In reality, it is necessary to consider the error in setting the distance between the rotating shaft 39b and the head stand drive bin 3'9C, but it is /-17,25m.
It has been found that the error is within ±5 μm when the setting error is +0.01u+ to −0.03 nm. In order to keep the error within ±5μ when using a cam, the cam's machining accuracy must be kept within 5μ, which is difficult. In the head stand drive structure of the present invention, which converts the rotational movement into linear movement of the head stand, highly accurate head feeding can be realized with a relatively simple mechanism and without using particularly high precision parts. In the above explanation, numerical values such as the distance between the rotating shaft of the gear (1 gear tooth) and the head stand driving bin are limited, but it is needless to say that the numerical values are not limited to these values. In the present invention, the rotation of the sector due to rotation and the accompanying linear movement of the head stand are all within the scope of the present invention.

(Effects of the Invention) As described above in detail, according to the present invention, a head feeding mechanism with a good 111 degrees can be obtained with a simple mechanism and without using particularly high-precision parts.

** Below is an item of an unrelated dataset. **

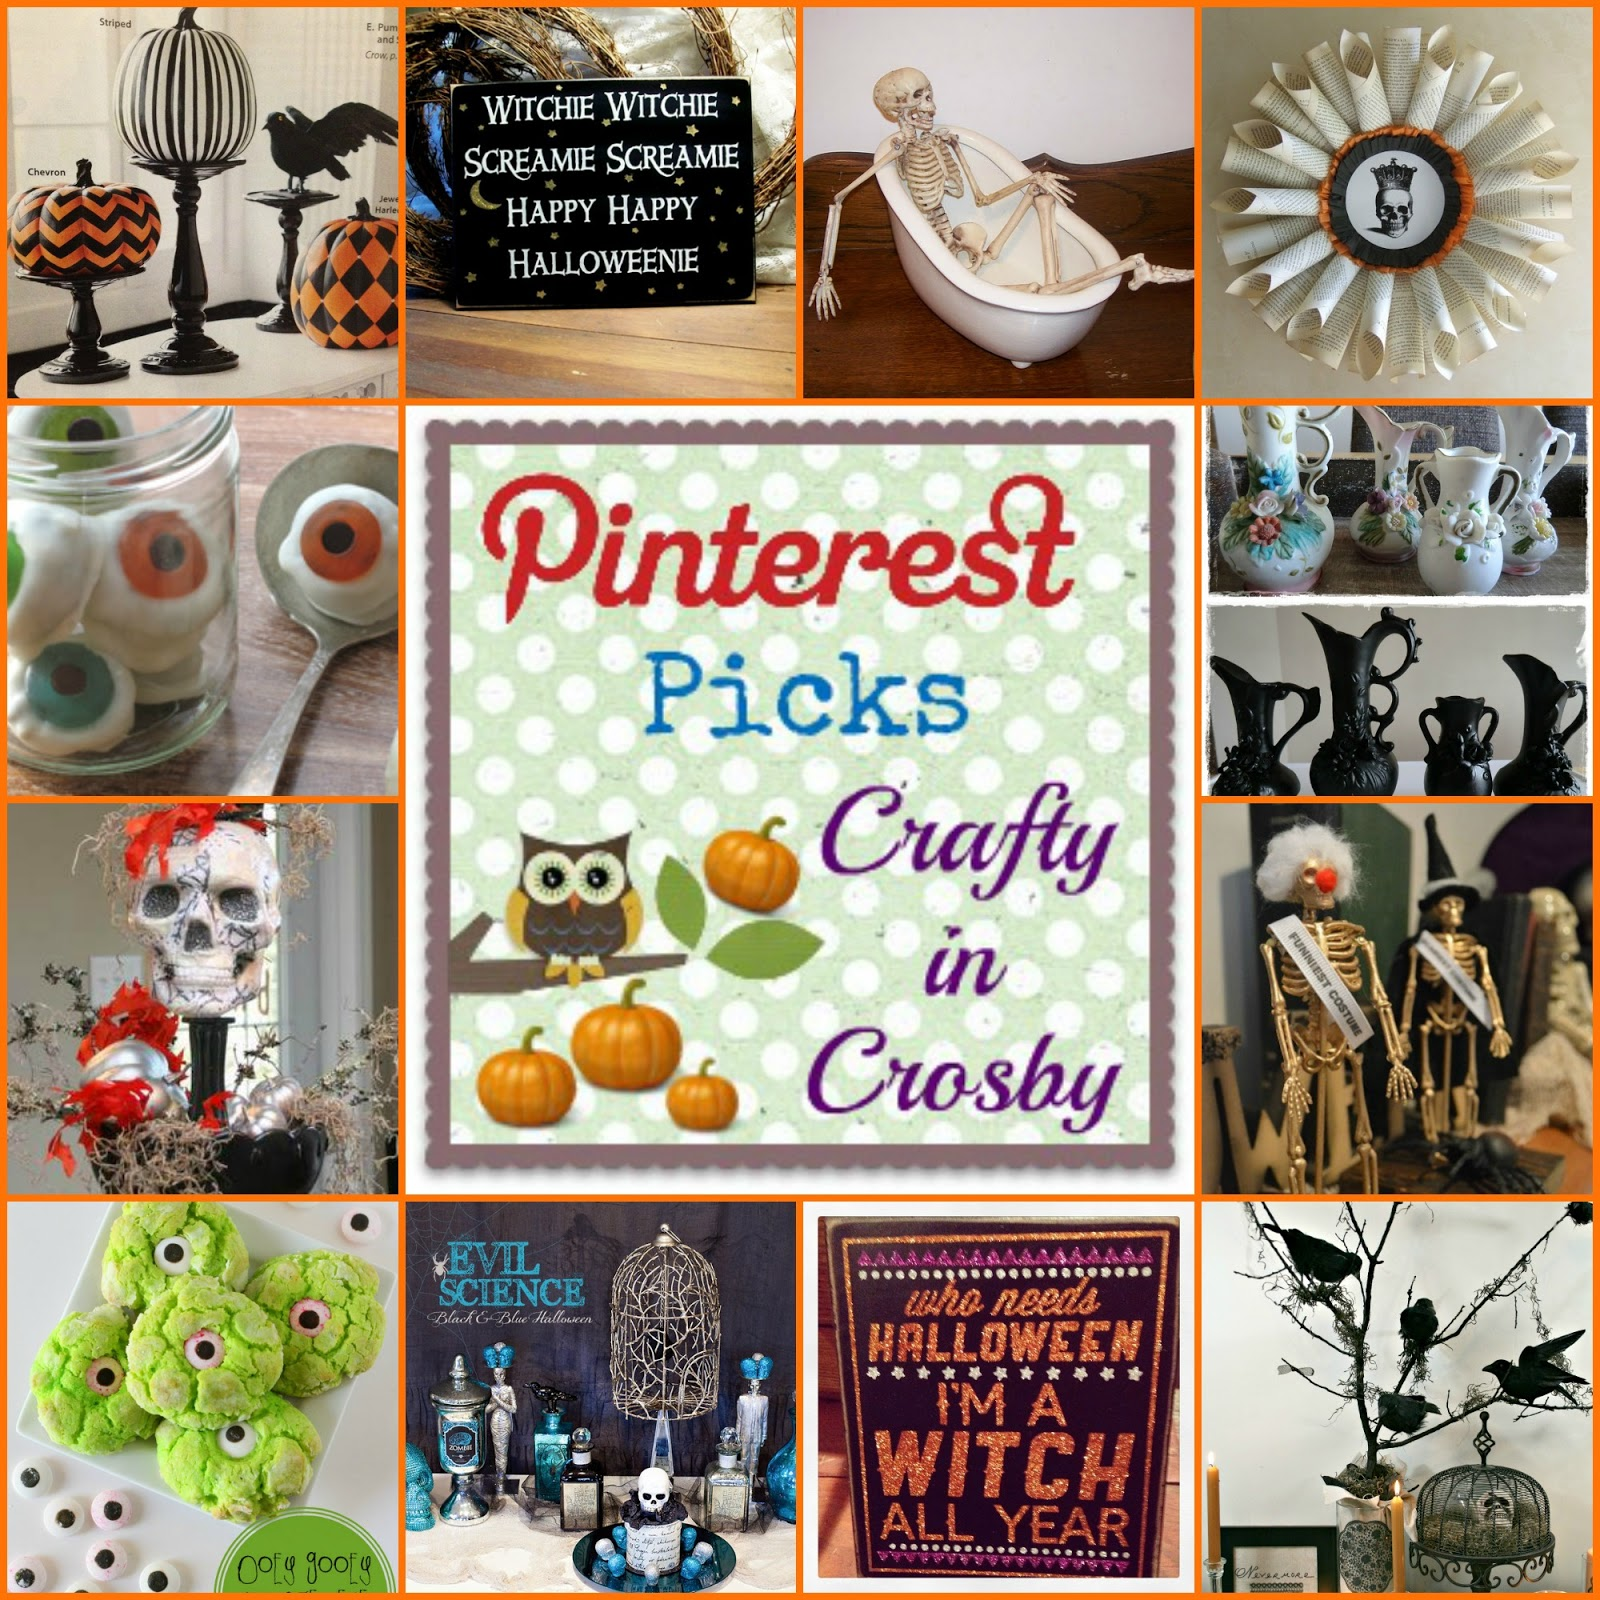 Halloween Home Decor Pinterest: Crafty In Crosby: Halloween Pinterest Picks

[Brief explanation of drawings]

1 and 2 are mechanical configuration diagrams of the head carriage transport mechanism according to the present invention, Figure 3 is a diagram showing factors for numerical calculation of the head carriage transport mechanism, and Figure 4 is a diagram showing the error curve of the same mechanism, 5 to 7 are mechanical configuration diagrams of an embodiment of the magnetic sheet jacket mounting device, and FIG. 8 is a configuration diagram showing the electrical system of the magnetic recording/reproducing device. 1.73... Spindle motor 2.69... Magnetic sheet 3... Center core 4.
...Magnetic sheet jacket 5...Holder 6...Forced press-fit plate 7...
・Press spring 8...Top cover 9...Press member 10...Set spring 11...Eject spring 12...Support member 13...Casing
14...Regulation member 15...Top cover lock detection switch 16.17.28.29...Bin 20...Plunger 21...Iron core 22.25
...Arm 23...Slide arm 24.27
．． 31, 40.45.48.49゜51.57... Spring 26... Ratchet feed pawl 30... Stopper 32... Ratchet gear 32a, 33.34.35... Gear 41...・Head 42...Head stand 43...Arm
46.47...Guide 50...Lever
52... Adjustment screw 55... Movable member 5
6...Holding member 58...Jacket detection switch 59...Forced press-fit plate press release piece 60...Forced press-fit plate press piece Patent applicant Roku Konishi Photo Industry Co., Ltd. Representative Patent attorney Toji Ijima 1
Name ■O to■0OP-hemmnogunn00 Fnoku■no0 I■■O (p, 1nLn[F]

Claims (1)

[Claims] In a head feeding mechanism of a magnetic information processing device that has a disk-shaped magnetic recording medium installed in the main body, records image information on concentric tracks, and reads and reproduces the recorded image information as necessary. , has a head stand whose movement is regulated by a linear guide, and a gear that is rotatably arranged and meshes with a ratchet gear and a coaxial gear at the rotating tip,
A head feeding mechanism comprising: a sector having a head stand driving member in contact with the head stand at an intermediate portion; and a feed pawl mechanism that advances a ratchet gear by one tooth in response to suction of a plunger.